You can decide that even though the mind is chattering away, you don’t have to pay any attention to it. This is where a lot of the hindrances get us. Just because something comes up in the mind, they make us feel that we’re committed, that we have to think the thought through. There’s also the problem where one part of the mind says, “Well, as long as I’m trying to get the mind into concentration, I can’t let there be any thoughts at all in the mind,” and so you go chasing them around to chase them out. It’s like Whack-A-Mole: One pops up here and you try to hit it, and then another one pops over there, you hit that, and you have no time to just sit and be still. So remind yourself that the thoughts don’t destroy the breath. The breath is there. And you have to see the thoughts as uninteresting, see them as strange—strange that anyone would want to think these things.

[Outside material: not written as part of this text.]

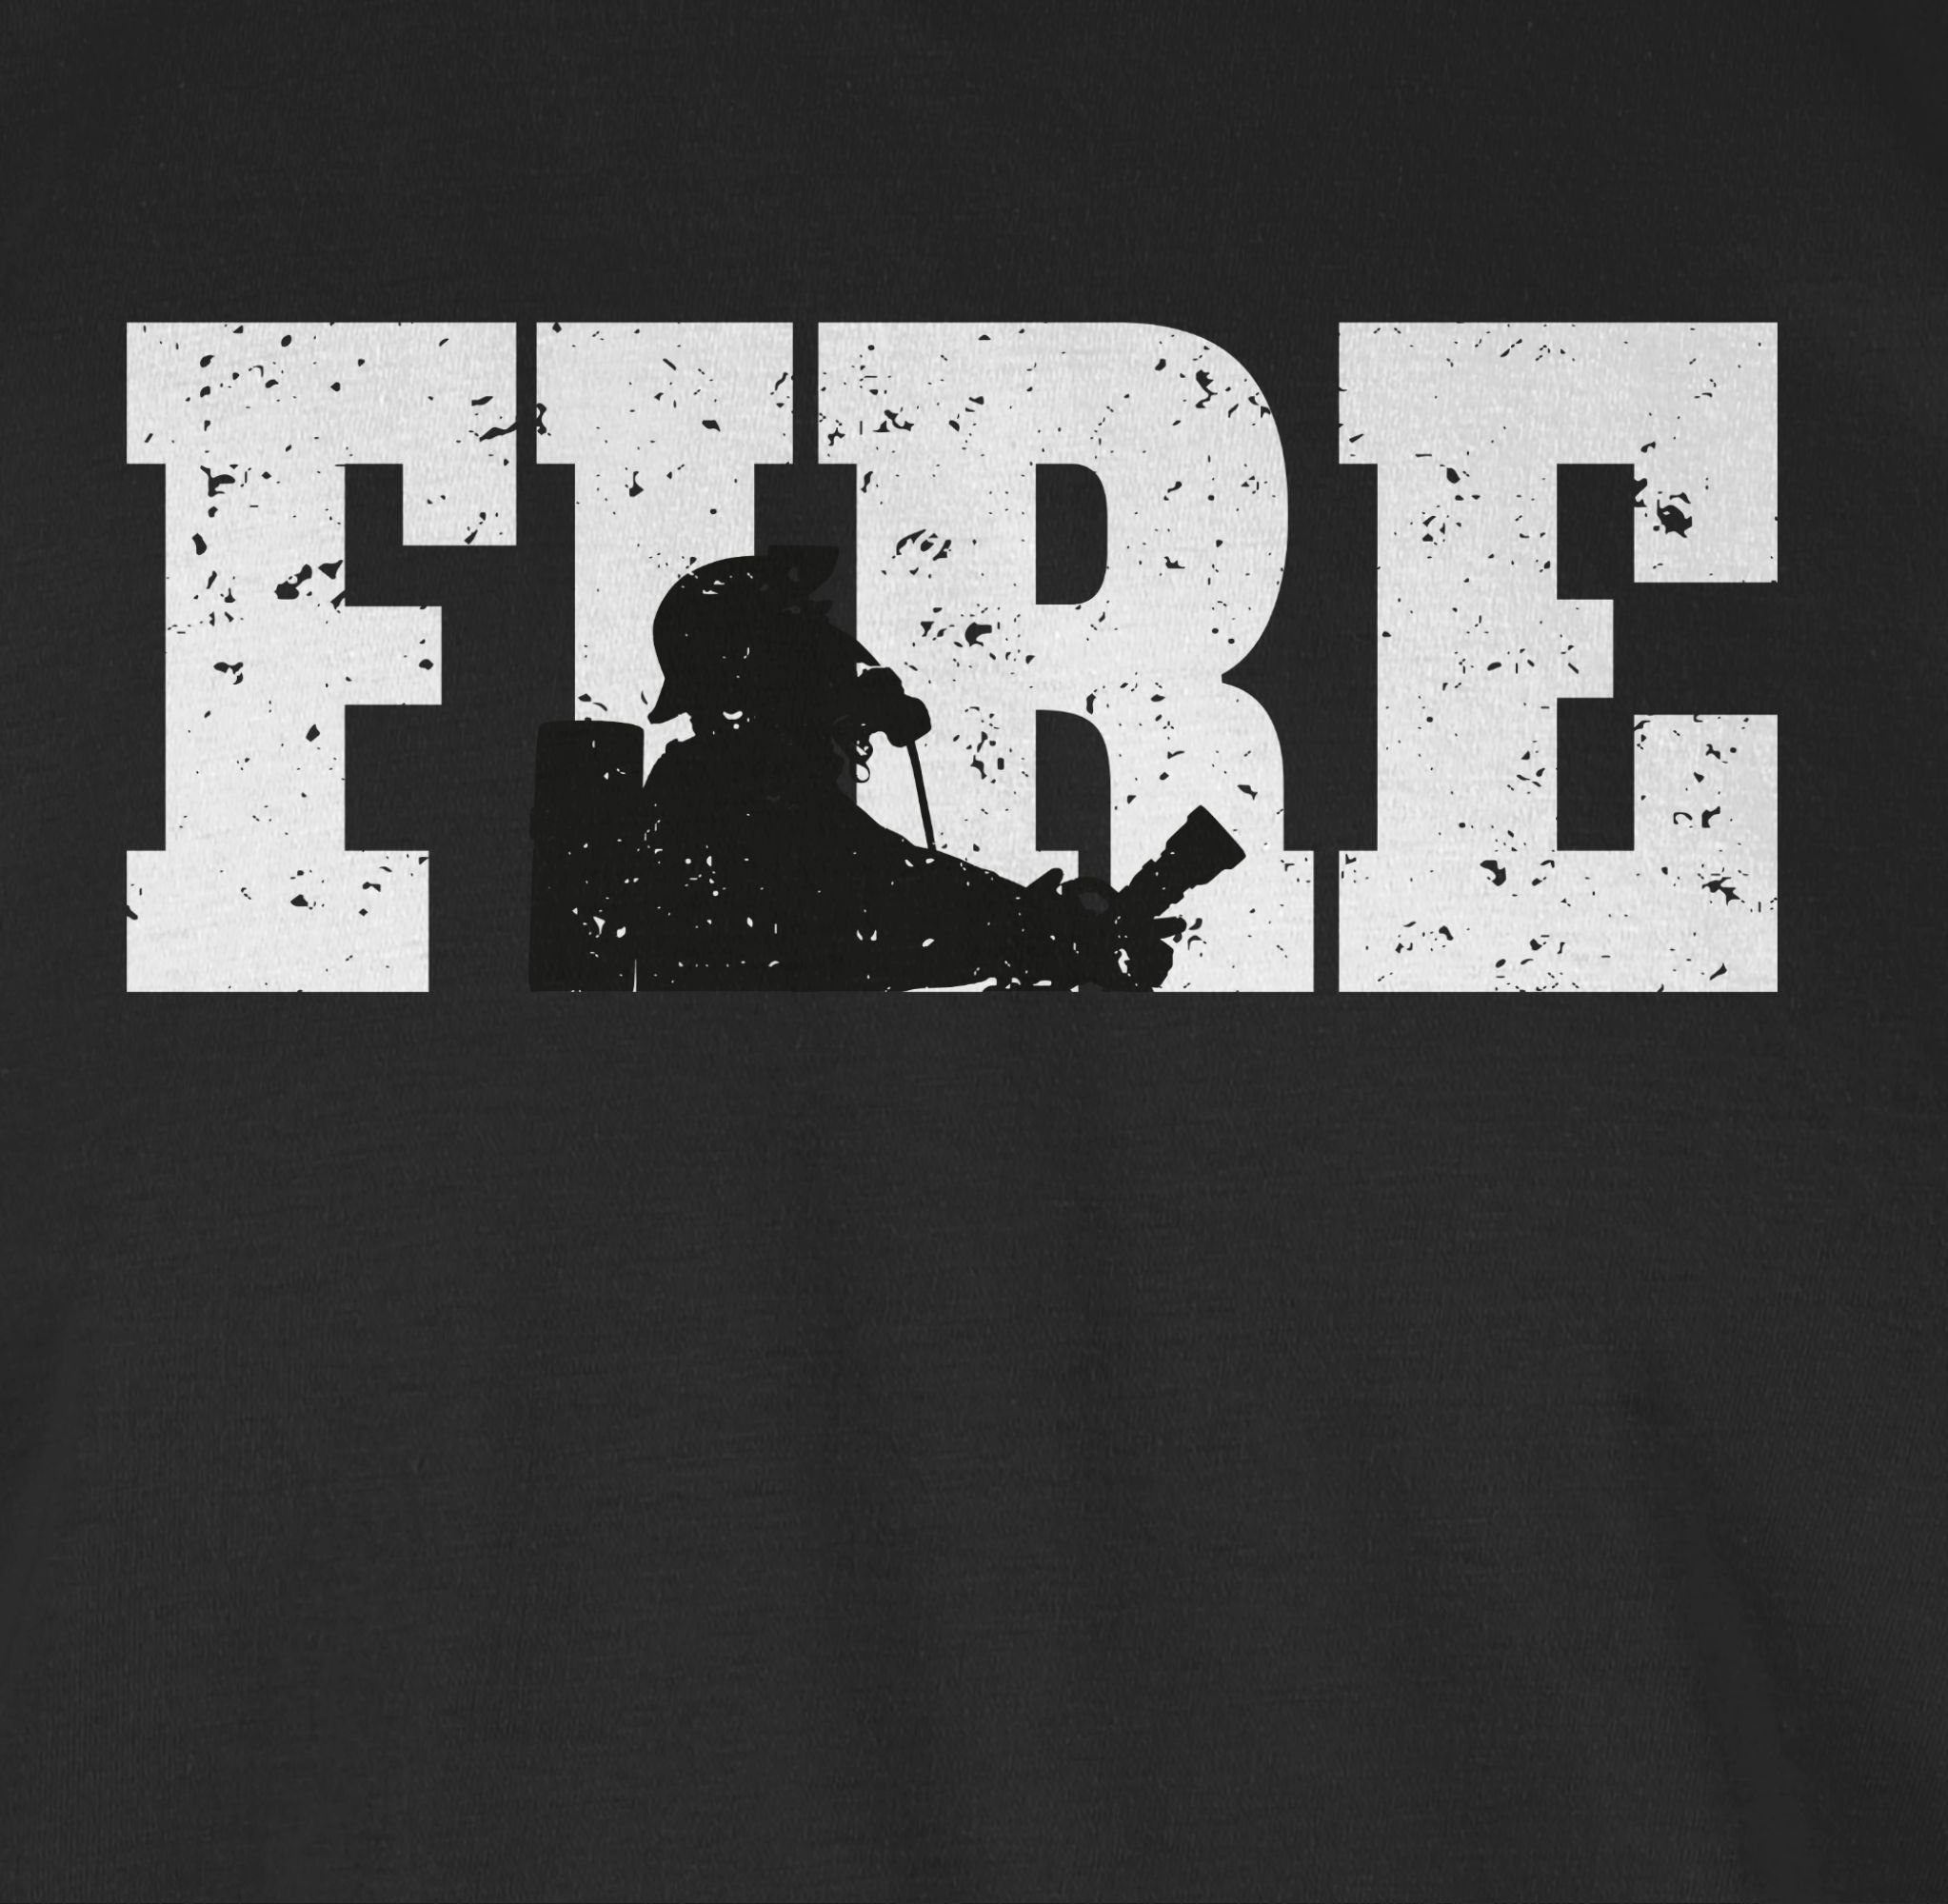 Shirtracer T-Shirt Fire Feuerwehr 2 Schwarz

As you get more sensitive to the breath, you realize that the fact that the mind is engaged in the hindrances takes energy. Four of the five require energy: Sleepiness doesn’t require energy but the other four do. So find where in the body there’s tension associated with them and then relax that tension. As for sleepiness, it’s the other way around. What can you do to focus on the parts of the body where there is energy and maximize those potentials?

If none of these techniques work, then, as the Buddha said, you press your tongue against your palette, grit your teeth, just tell yourself, “I will not go there.” You can use a meditation word really rapid-fire: Buddho Buddho Buddho, really fast, to jam the circuits.

So, once you see that the hindrance really is an enemy and not a friend, there are a lot of techniques you can use, so that you’re not sitting here devoted to sensuality. You’re devoted to heightening your mind, lifting it above these things.

These things have been pulling us around by the nose who knows for how long. That’s an image that Ajaan Fuang used to use a lot. In Thailand, they put a ring in the nose of the water buffalo. When they want it to go someplace, they just pull on the ring. Even though the animal’s much bigger than they are, all you have to do is get it in its sensitive spot and it’ll obey. So try to figure out: What is your sensitive spot? Why do you like these hindrances? That’s what they use to pull you around. Hold that image in mind. Do you want to be their beast of burden, or do you want to be free?

When you learn some strategies for dealing with them—not only the strategies for dealing with them directly but also the strategies for making the breath interesting, or, if you can’t find anything interesting in the breath, finding a meditation topic that does capture your interest—then you get to the point, as the Buddha said, when you can think the thoughts you want to think, don’t have to think the thoughts you don’t want to think. And your standards for what kind of thinking is worthwhile will grow higher. You’ll be able to lift yourself out of these things as the mind itself gets heightened.